In this guide we will download and quantize the dense model Qwen/Qwen3-14B on a gaming rig with a single 3090TI FE 24GB VRAM GPU.
We will use the latest ik_llama.cpp quants to target running this 14B model in GGUF format fully offloaded on <=16GB VRAM systems with 32k context.
This guide does not get into more complex things like MLA methodology e.g. converting fp8 to bf16 on older GPU hardware.
Dependencies
This is all run on a Linux rig, but feel free to use WSL for a similar experience if you're limited to a windows based OS.

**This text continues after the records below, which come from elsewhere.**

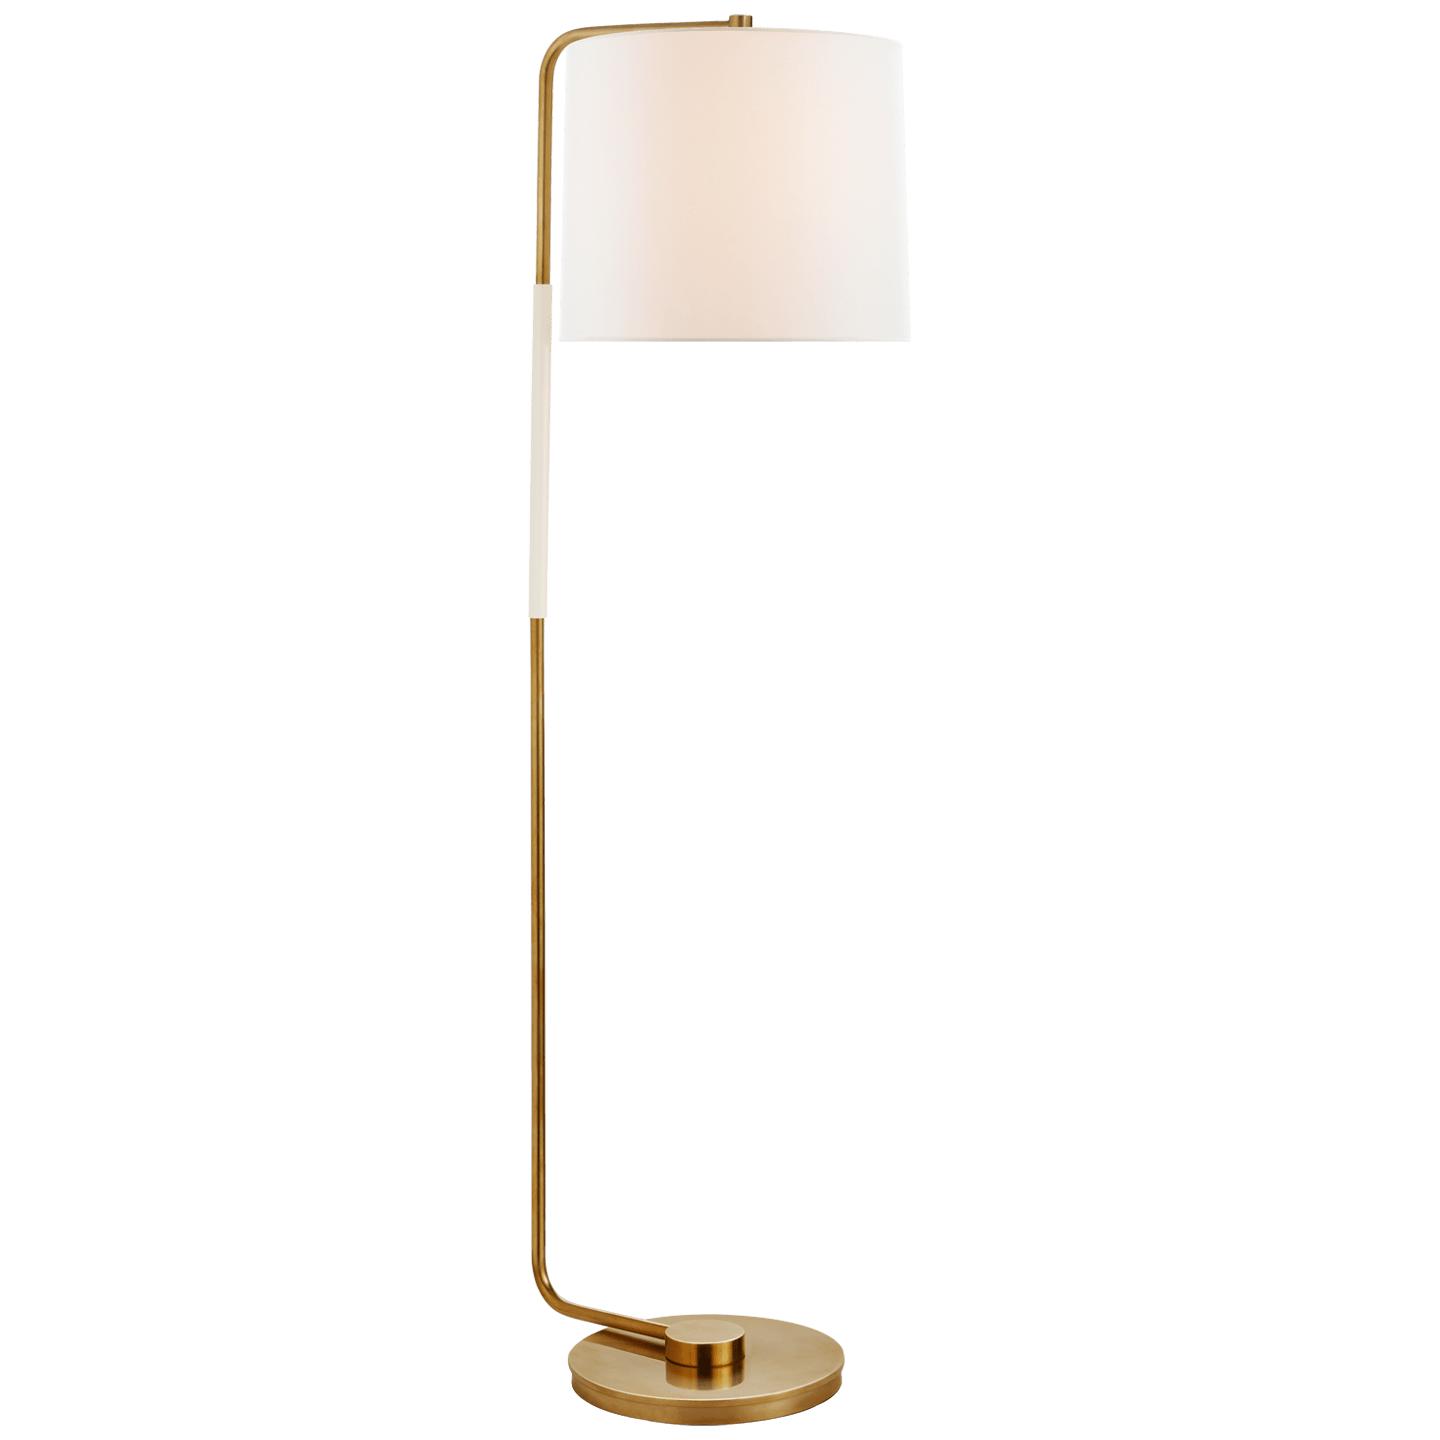 Купить Торшер Swing Articulating Floor Lamp в интернет-магазине roooms.ru
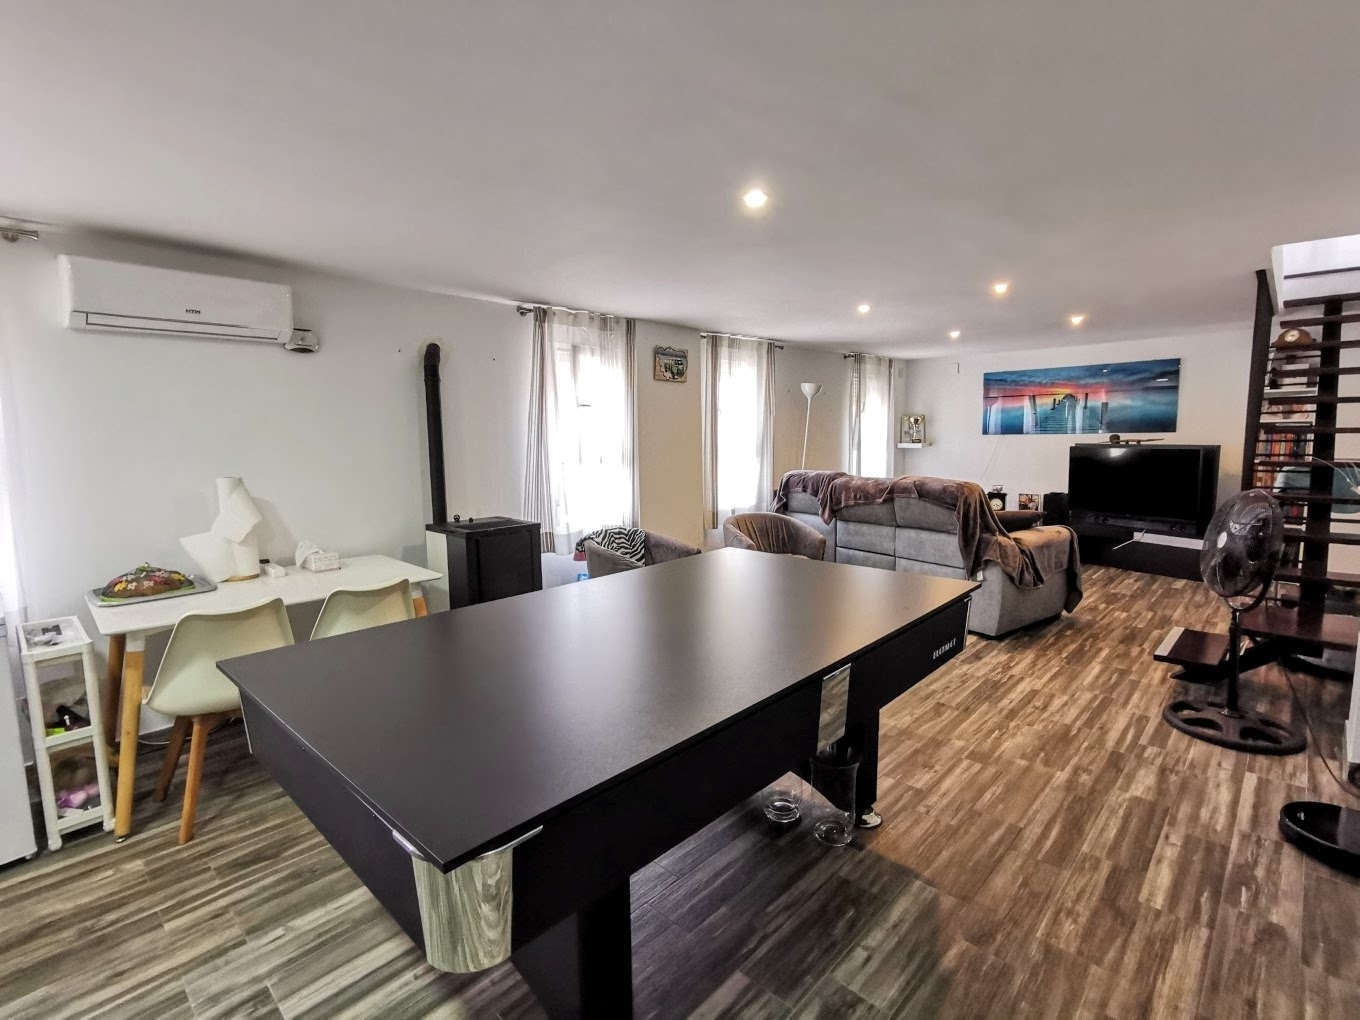 Casa adosada de cinco dormitorios separada en 3 apartamentos en venta en la playa del Arenal de Jávea
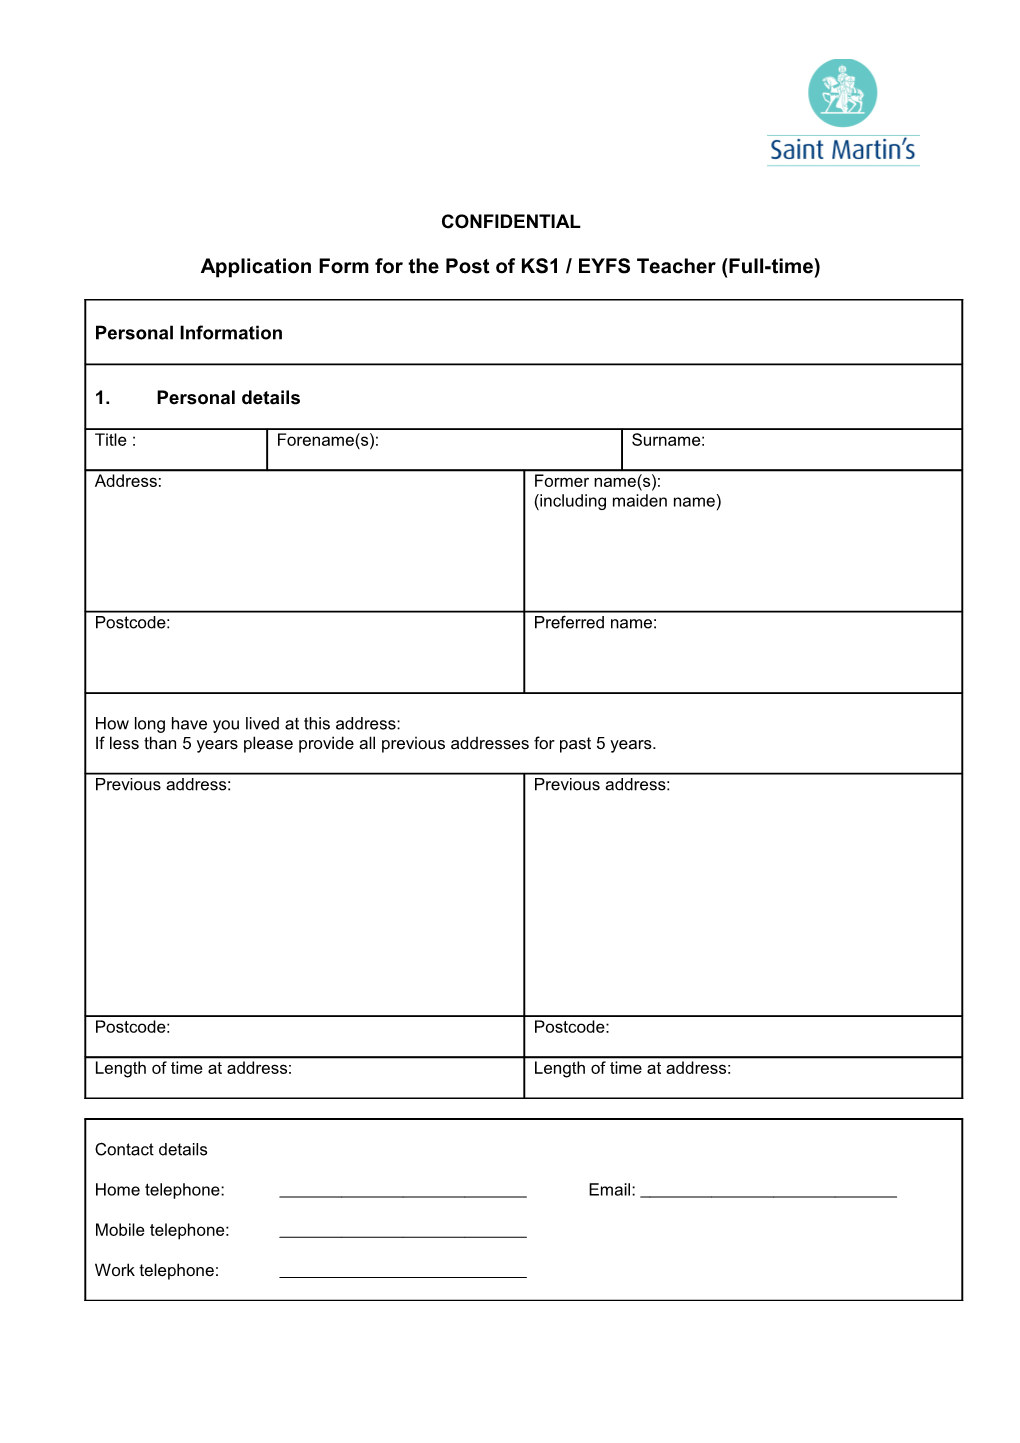 Application Form for the Post of KS1 / EYFS Teacher (Full-Time)

Install any build essentials, git, etc. We will use uv for python virtual environment management to keep everything clean.
# Setup folder to do your work and hold the models etc
mkdir /mnt/llms
cd /mnt/llms
# Install uv and python packages
# https://docs.astral.sh/uv/getting-started/installation/
curl -LsSf https://astral.sh/uv/install.sh | sh
uv venv ./venv --python 3.12 --python-preference=only-managed
source ./venv/bin/activate
uv pip install huggingface_hub[hf-xet]
# Start downloading the bf16 safetensors from huggingface
mkdir -p Qwen/Qwen3-14B
cd Qwen/Qwen3-14B
huggingface-cli download --local-dir ./ Qwen/Qwen3-14B
# Make a target directory to hold your finished quants for uploading to huggingface
mkdir -p ubergarm/Qwen3-14B-GGUF # use your name obviously
# Install mainline or evshiron llama.cpp forks just for the python scripts.
cd /mnt/llms
git clone git@github.com:ggml-org/llama.cpp.git
cd llama.cpp
cmake -B build -DGGML_CUDA=ON -DGGML_RPC=OFF -DGGML_BLAS=OFF -DGGML_SCHED_MAX_COPIES=1
cmake --build build --config Release -j $(nproc)
# Install and build ik_llama.cpp for the heavy lifting and SOTA GGUF quants.
cd /mnt/llms
git clone git@github.com:ikawrakow/ik_llama.cpp.git
cd ik_llama.cpp
cmake -B build -DGGML_CUDA=ON -DGGML_RPC=OFF -DGGML_BLAS=OFF -DGGML_SCHED_MAX_COPIES=1
cmake --build build --config Release -j $(nproc)
# Download your imatrix corpus and wiki.test.raw test corpus.
wget https://gist.githubusercontent.com/tristandruyen/9e207a95c7d75ddf37525d353e00659c/raw/571fda718462de863e5a0171078c175420c7649a/calibration_data_v5_rc.txt
wget https://huggingface.co/datasets/ikawrakow/validation-datasets-for-llama.cpp/resolve/main/wiki.test.raw.gz
gunzip wiki.test.raw.gz
# Okay, now your folders should look something like this, and you are ready to begin cooking!
cd /mnt/llms
tree
.
├── venv
├── ik_llama.cpp
├── llama.cpp
├── Qwen
│ └── Qwen3-14B
└── ubergarm
└── Qwen3-14B-GGUF
Convert bf16 safetensors to bf16 gguf
I generally use mainline llama.cpp or evshiron's fork for doing conversion with python script.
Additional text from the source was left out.